Isn't (http[s]?:\/\/)?news.google\.[^\/]+ ([https://regex101.com/r/wD6cB4/1 editor]) the regex that should get replaced with https://news.google.com?--Joel Amos (talk) 18:34, 22 August 2016 (UTC)

:Yes it is. Sorry, I had that wrong. Fixed above. Thanks. --bender235 (talk) 19:01, 22 August 2016 (UTC)

::That's fine. Also, the brackets aren't needed around the "s" and a backward slash should precede the first "." (my bad). Also, you'll want to remove the trailing slash from the replacement string so that it doesn't change news.google.com/hello to news.google.com//hello edit: beat me to it :D --Joel Amos (talk) 19:39, 22 August 2016 (UTC)

:::Fixed the backslash (although it worked fine when I tested it). --bender235 (talk) 19:53, 22 August 2016 (UTC)

::::An un-escaped dot means "any character," so the old regex would've matched false positives (e.g. news@google.com).--Joel Amos (talk) 02:09, 23 August 2016 (UTC)

:::::Fair enough. --bender235 (talk) 14:35, 23 August 2016 (UTC)

:What now? Should I have a trial run of 100 articles like with the previous Internet Archive conversion? --bender235 (talk) 23:39, 26 August 2016 (UTC)

::This may require multiple round of trials (hopefully increasing in size). Please run a short trial and post the initial results below. Please include in all summaries either a link to this BRFA trial or other ways for concerned editors to easily know what was going on and make a reply. — xaosflux Talk 02:51, 27 August 2016 (UTC)

:{{BotTrial|edits=50}} — xaosflux Talk 02:51, 27 August 2016 (UTC)

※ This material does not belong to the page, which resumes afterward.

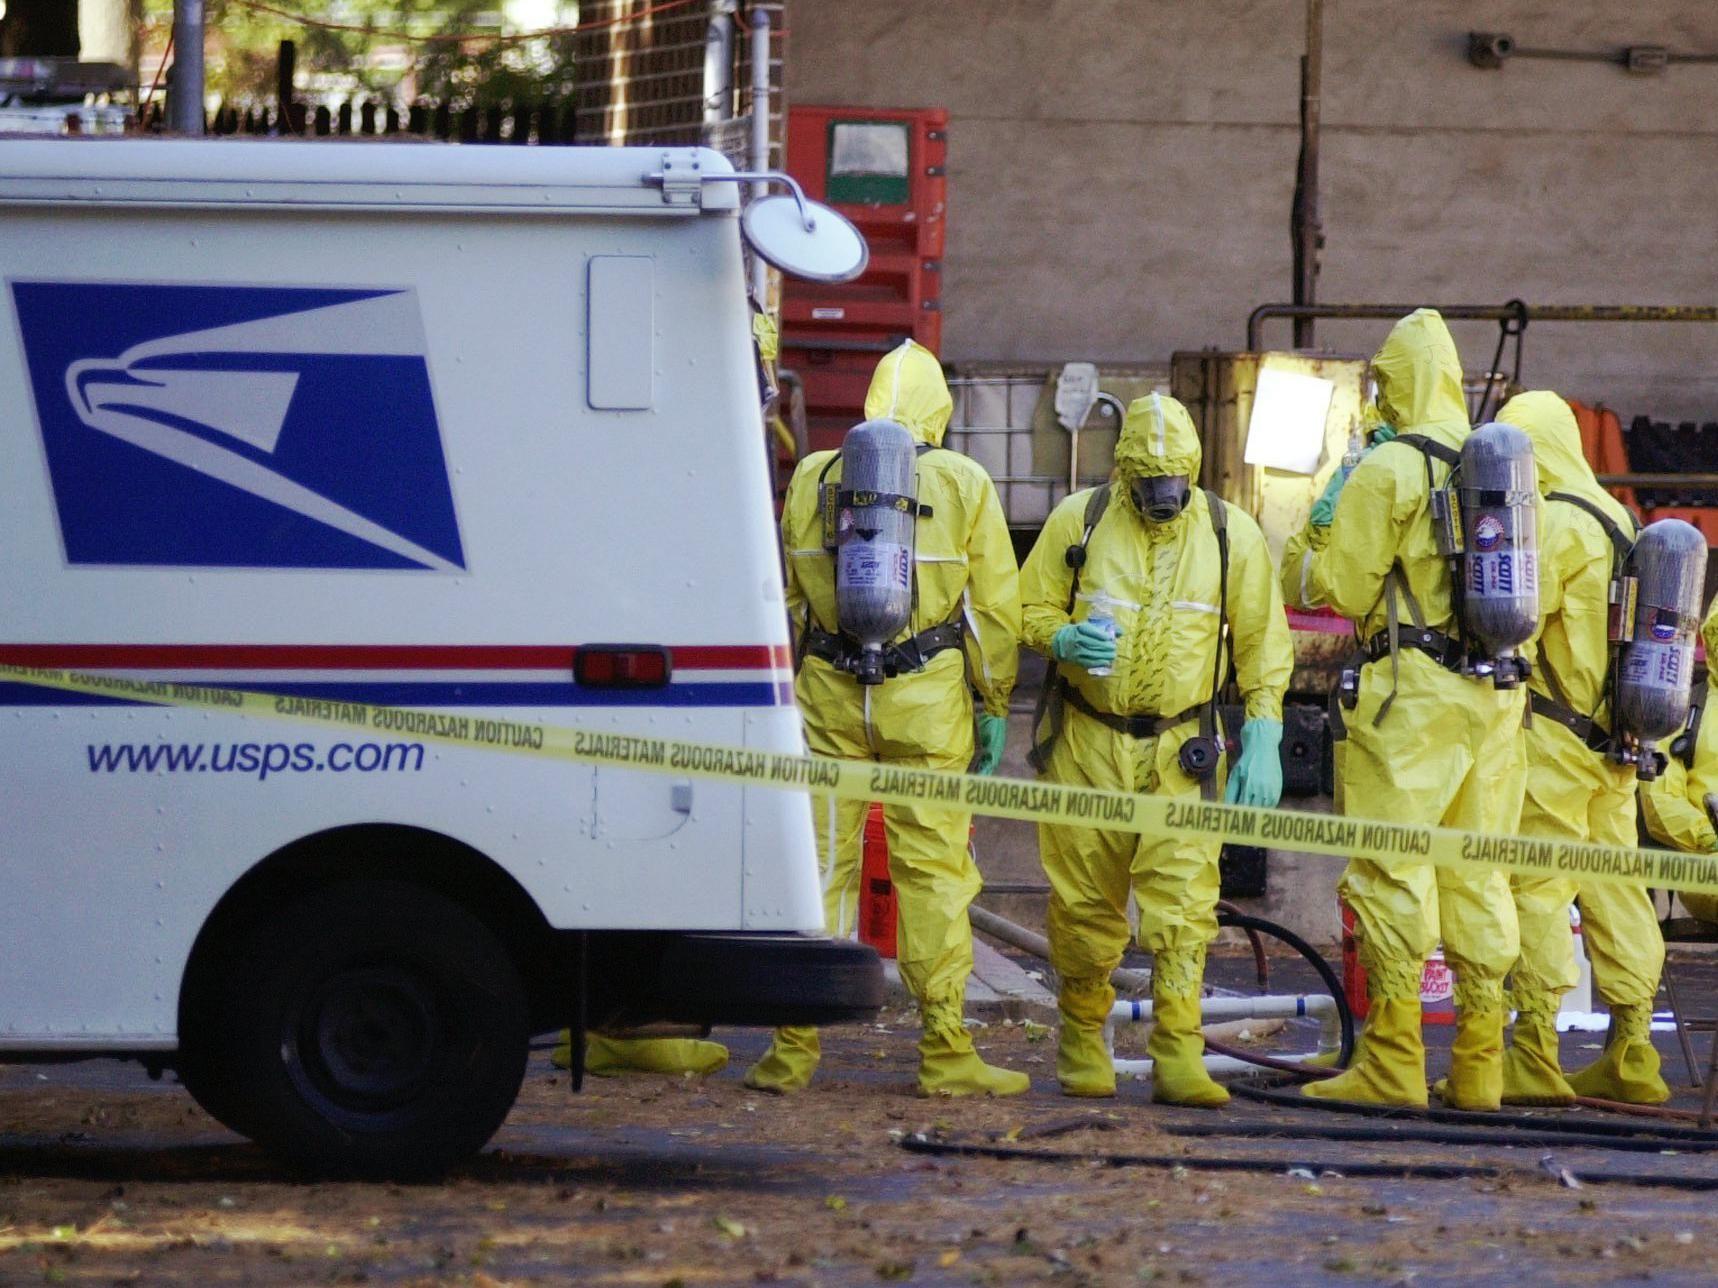 Image of a hazmat team outside a post office.

::{{BotTrialComplete}} Results are in {{user|Bender the Bot}} edit history. Found one issue, on E. R. Cowell: the Regex not only caught the URL, but also the pseudo-URL in the |publisher= parameter and crippled the rest of the citation template (ran manually, didn't save). Best solution would be to have things like |publisher=Books.google.ca replaced with |via=Google Books (obviously Google Books is not the publisher of the books). Or, and that is the easier option for now, make the http:// in the Regex non-optional, so that it only replaces true URLs. Actually, I suggest the latter to keep this bot as simple as possible. --bender235 (talk) 22:53, 27 August 2016 (UTC)

:::{{t1|BAG assistance needed}} So, any further requests or can this bot go live? --bender235 (talk) 20:56, 6 September 2016 (UTC)

:{{u|Bender235}} Due to the huge size of your bot run, I'd like you to run a longer trial to give more opportunity for any odd issues to come up and get caught by other editors. — xaosflux Talk 04:43, 15 September 2016 (UTC)

:{{BotExtendedTrial|edits=600}} — xaosflux Talk 04:43, 15 September 2016 (UTC)

::Fair enough. --bender235 (talk) 14:16, 15 September 2016 (UTC)

::{{BotTrialComplete}}. Didn't spot any unusual behavior. --bender235 (talk) 15:49, 15 September 2016 (UTC)

:{{BotApproved}} Due to your large run size, please ramp up in stages up to the following, this will allow brief periods for unknown issues to be brought to your attention.

:#3000 edits, 24 hour pause

:#4000 edits, 24 hour pause

:#5000 edits, 24 hour pause

:#10000 edits, 24 hour pause

:#50000 edits, 24 hour pause

:#Rest of run. — xaosflux Talk 01:19, 19 September 2016 (UTC)

:The above discussion is preserved as an archive of the debate. Please do not modify it. To request review of this BRFA, please start a new section at WT:BRFA.